Python:pandas,解析数学运算

标签 python csv pandas

stackoverflow 上的某人建议我使用 pandas 来标记 csv 文件的值,并提供了以下代码:

# original code
import pandas

cmf = pandas.read_csv('CMF_MA68II.csv', names=['wavelength', 'x', 'y', 'z'])
d65 = pandas.read_csv('D65_MA68II_10nm.csv', names=['wavelength', 'a', 'b'])
data = pandas.read_csv('spectral_data.csv', names=['serialNumber', 'wavelength', 'measurement', 'name'])

lookup = pandas.merge(cmf, d65, on='wavelength')
merged = pandas.merge(data, lookup, on='wavelength')

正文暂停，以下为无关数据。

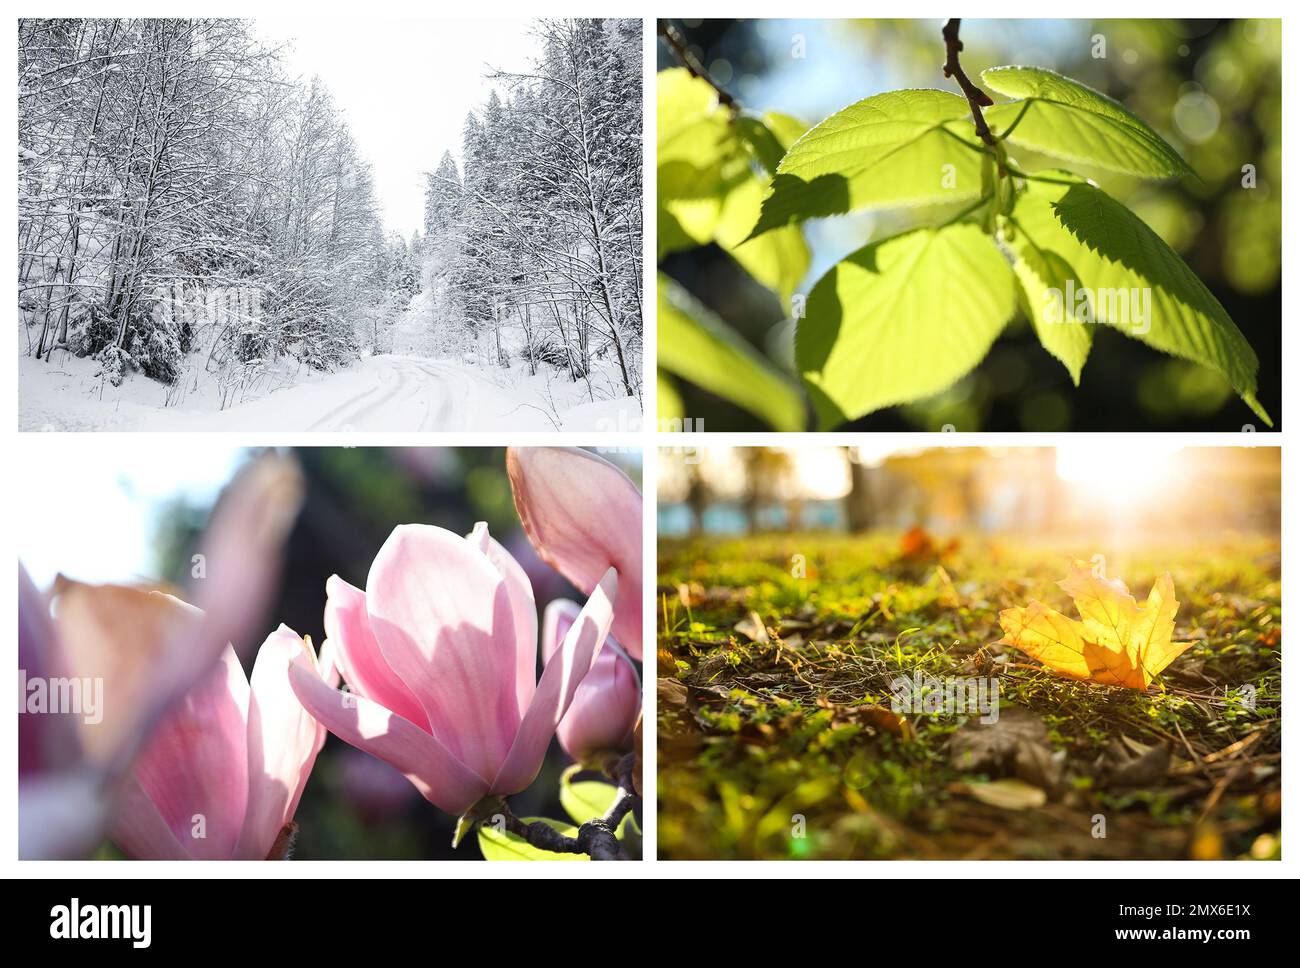 Wunderschöne Fotos der Natur. Four Seasons Collage Stockfoto

totals = ((lookup[['x', 'y', 'z']].T*lookup['a']).T).sum()
wps  = 100 * totals/totals['y']

print totals['y']
print "D65_CMF_2006_10_deg white point = "
print wps

我在最后添加了这部分:

# here's my crappy part:

i = 0

for i in range(i, i+1), data['serialNumber']:
    x = ((merged.x * merged.a * merged.measurement).sum() / (merged.y * merged.a * 100).sum())    
    y = ((merged.y * merged.a * merged.measurement).sum() / (merged.y * merged.a * 100).sum())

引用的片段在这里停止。